Después de tantos años aún recuerdo, como si lo estuviera viviendo, el momento en el que Marta, mi amiga, despegó las puntas de los pies del filo de la ventana y, mirándome, como si estuviera jugando, saltó al vacío. Siempre he tenido la sensación de que me hubiera dado tiempo de sujetarla, pero me atrapó una parálisis, el vértigo, el estupor… No sé lo que fue, pero algo, con la inexorable obstinación de un instrumento del destino, me impidió llegar hasta ella.
Creo que estaba un poco loca, pero nunca pensé que llegaría a la gran locura de saltar desde la ventana del piso decimocuarto, mientras mirábamos al sol bajar lento por detrás de los edificios de enfrente y apostábamos por lo que podría durar una caída nuestra, si más o menos que la del sol, y qué cosas daría tiempo a pensar entretanto.
Marta alineó los pies al borde del alféizar de la ventana mirando al sol; luego, en un giro elegantísimo, me sonrió y la vi despegar entre un revuelo de brazos, piernas y falda.
Cuando me asomé a verla caer pensé que a ella le iba pasando toda su vida por delante, como dicen que pasa cuando uno va a morir y lo sabe y, claro, Marta sabía que no tenía manera de volver de nuevo al alféizar de la ventana y posar allí sus pies y luego bajar al suelo y seguir hablando conmigo tranquilamente del tramo que le quedaba al sol para ponerse tras aquellos edificios.
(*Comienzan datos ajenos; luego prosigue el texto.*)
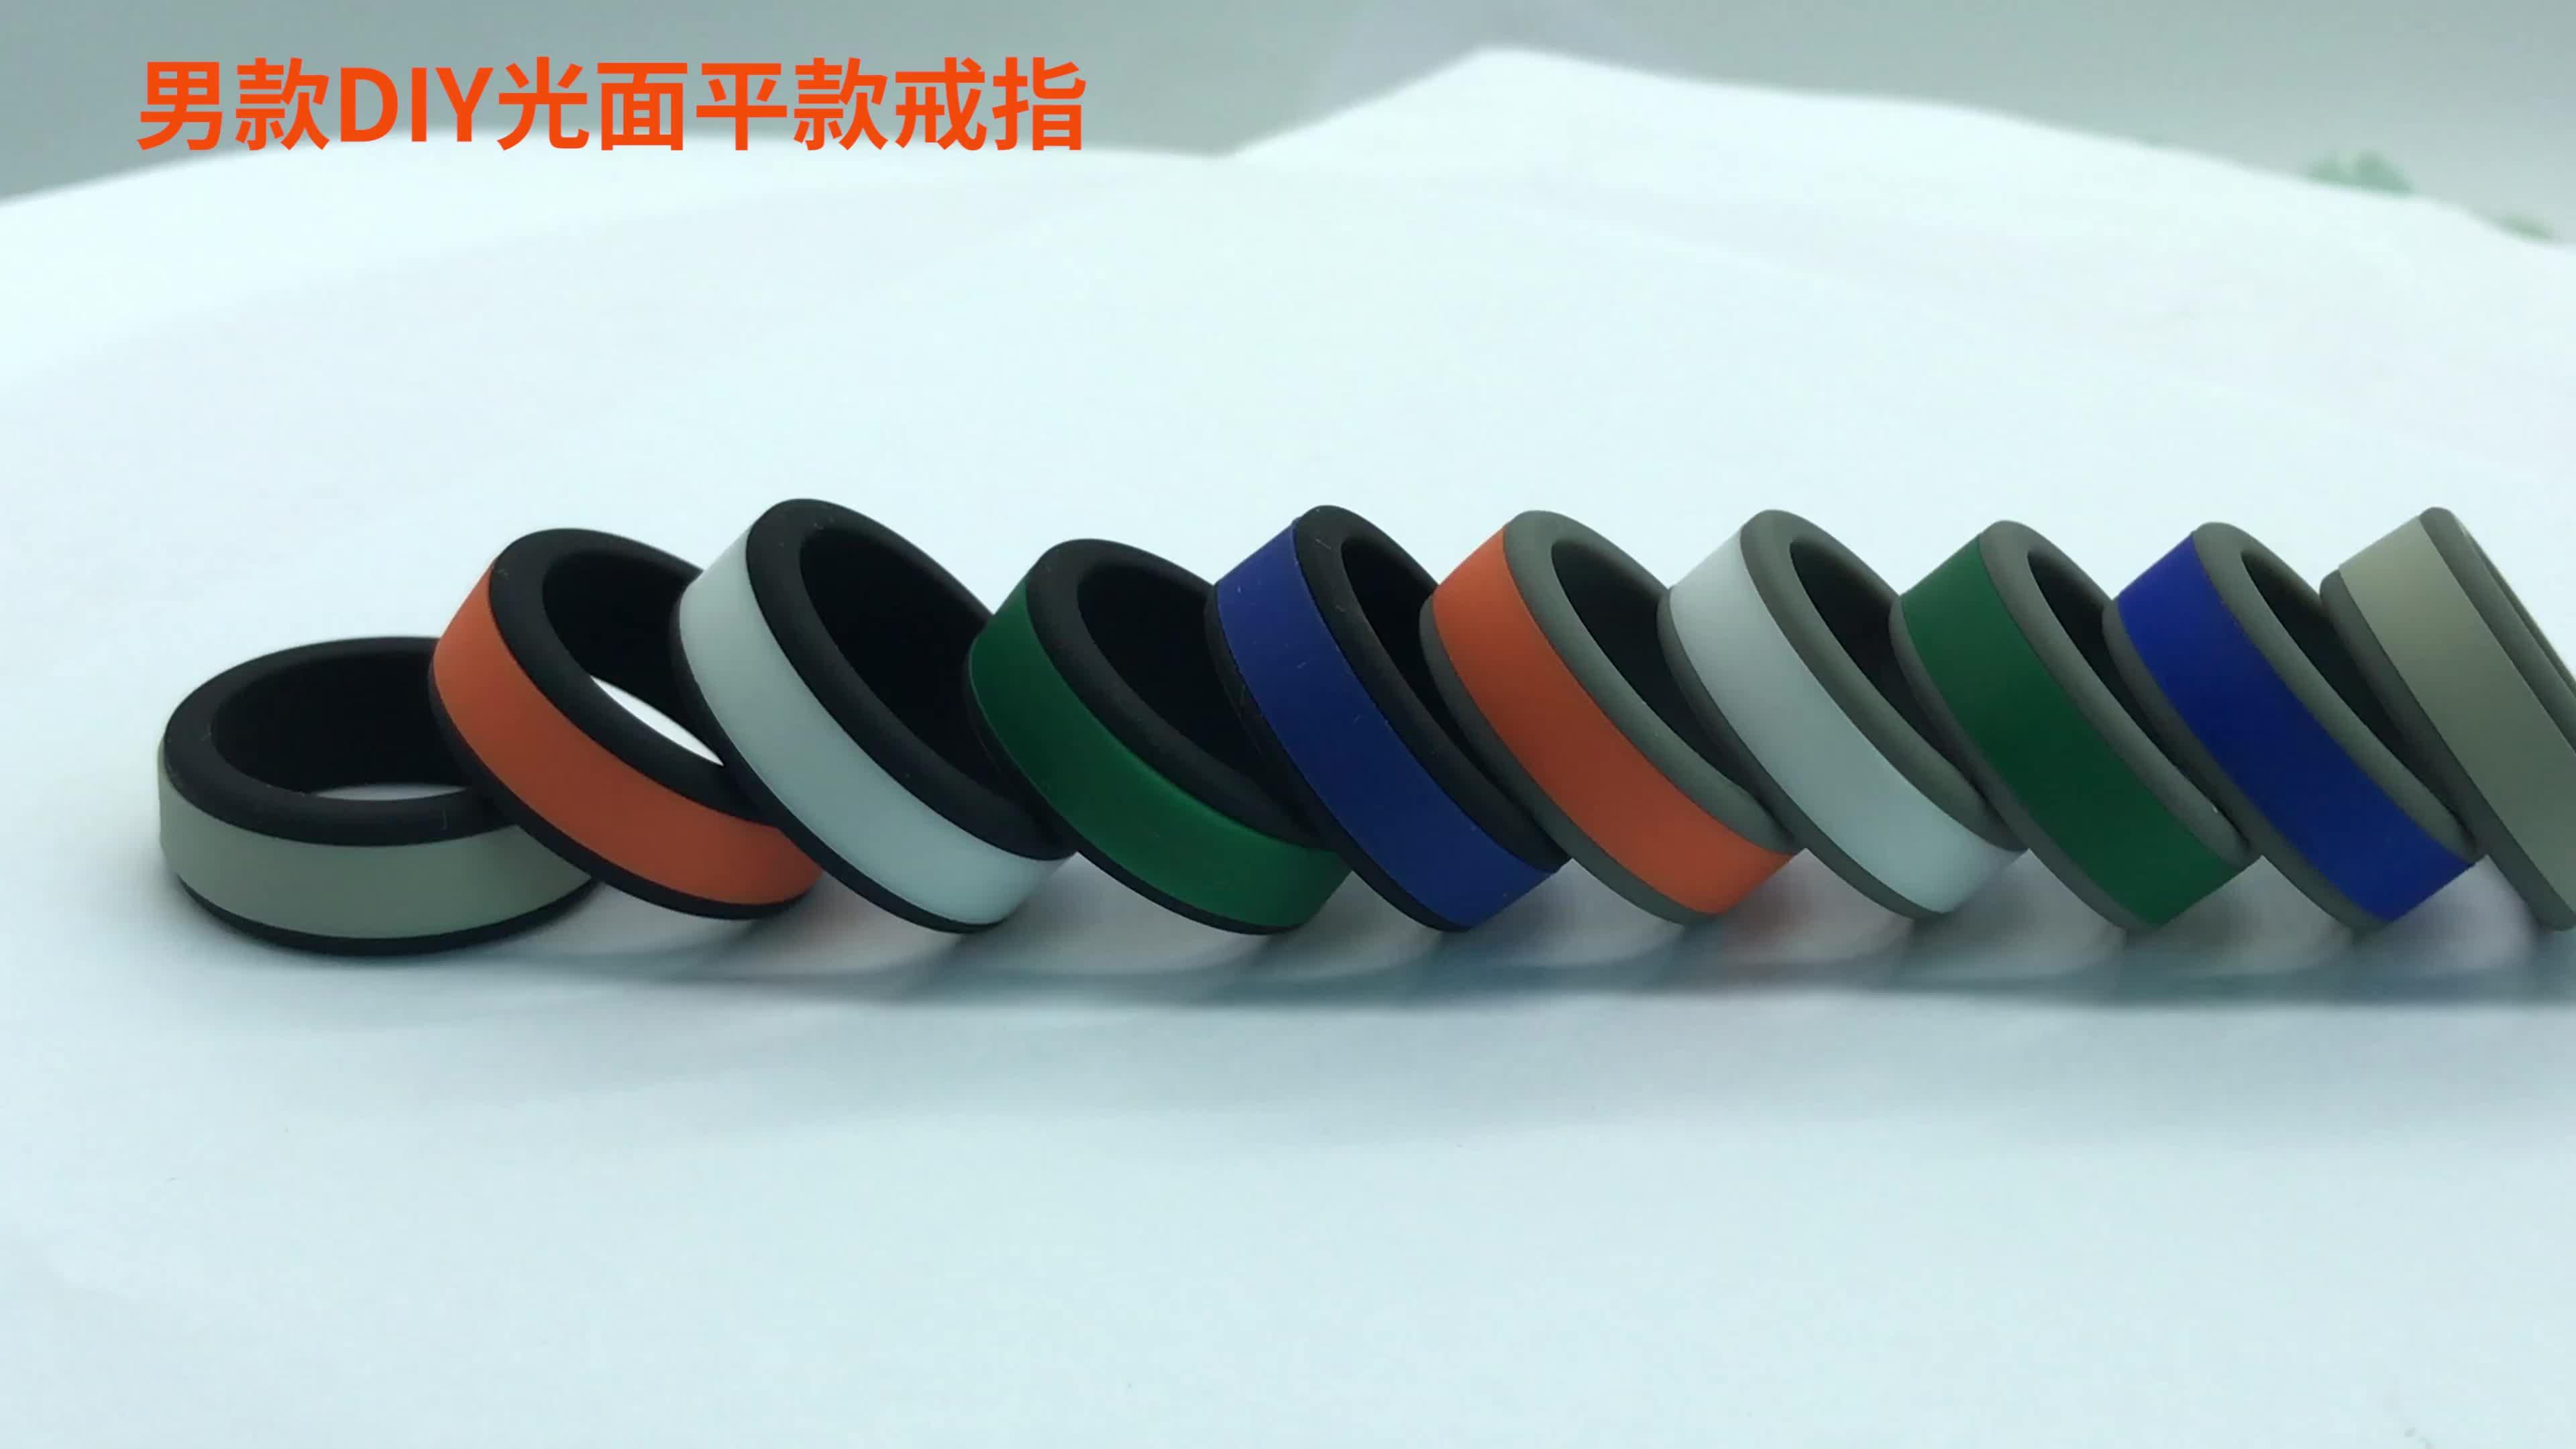 Regalo di promozione Ultimo Stile di due toni di Anelli di gomma di silicone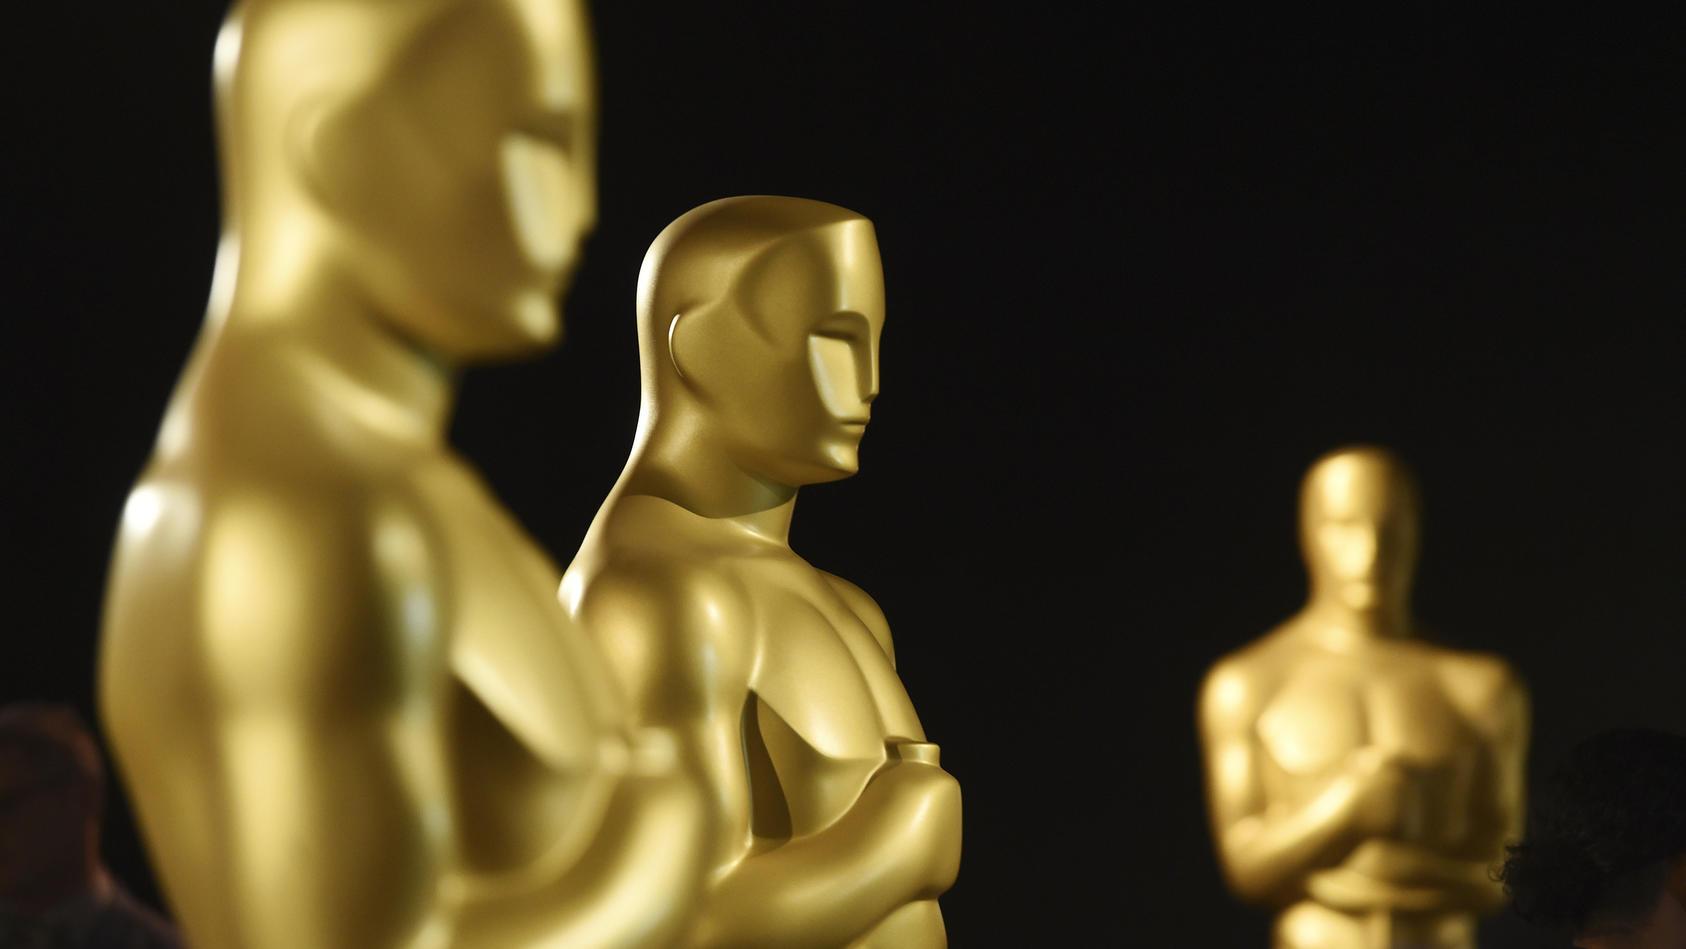 Nicht jeder kann einen Oscar bekommen. Wer sind die Favoriten?

Mientras la miraba caer fui con ella recorriendo su vida, que conocía como propia. Me vi siendo Marta en el parque infantil tirándome a la cara gravilla con una pala de plástico, luego me vi siendo Marta resbalando por el tobogán hasta donde yo la esperaba en el suelo. Pasaba ella ante el piso undécimo y yo me vi siendo Marta en la escuela con sus cuadernos por estrenar y con los que ya estaban llenos de borrones; me vi Marta jugando en el recreo y Marta en la pizarra sufriendo agonía de tiza entre los dedos. Ya por el piso noveno, me vi Marta enamorada de un compañero del instituto algo estrábico, cuya mirada a ella la volvía loca; me vi siendo Marta contándome que lo besó en un pasillo entre dos clases, Marta ruborizada y con los dedos electrizados que me pusieron de punta los vellos de mi antebrazo. Cuando ya iba por el piso quinto, creo, me vi Marta roneando en la discoteca, Marta dejando corazones rotos entre cubatas de hielo derretido, Marta pintándose de nuevo los labios de rosa para seguir besando al tipo rubio de la barra que me sacaba una cuarta. Seguía ella cayendo y yo era Marta, ya por el tercero, viendo que la vida era pura tontería que se iba al garete por mucho que una quisiera atraparla; me vi Marta preparando oposiciones, compitiendo, abandonando. Por el segundo piso, era ya Marta diciéndome que se sentía vieja con veintinueve años y que estaba cansada de este carrusel, que si se paraba un momento le pasaban por delante el coche de bomberos, el caballito marrón, el barco amarillo con timón de madera, y que le aburría estar allí viendo ese desfile interminable. Por el primer piso, me vi Marta que me preguntaba cuánto tardaría el sol de esa tarde en desaparecer por detrás de aquellos edificios tan altos que tenemos enfrente, y yo contestando que lo que todos los días: cuatro minutos desde donde estaba hasta el filo de aquel techo rojo, y Marta preguntando cuánto tardaría ella en caer los catorce pisos y si llegaría al suelo antes que el sol al techo rojo, y yo que eso no podríamos saberlo nunca, y Marta subiéndose a la ventana, poniendo en ella sus pies juntos y abriendo los brazos mirando al frente y, ya digo, un momentito de sonrisa elegante en mi dirección antes de despegar las puntas de los pies del alféizar de la ventana.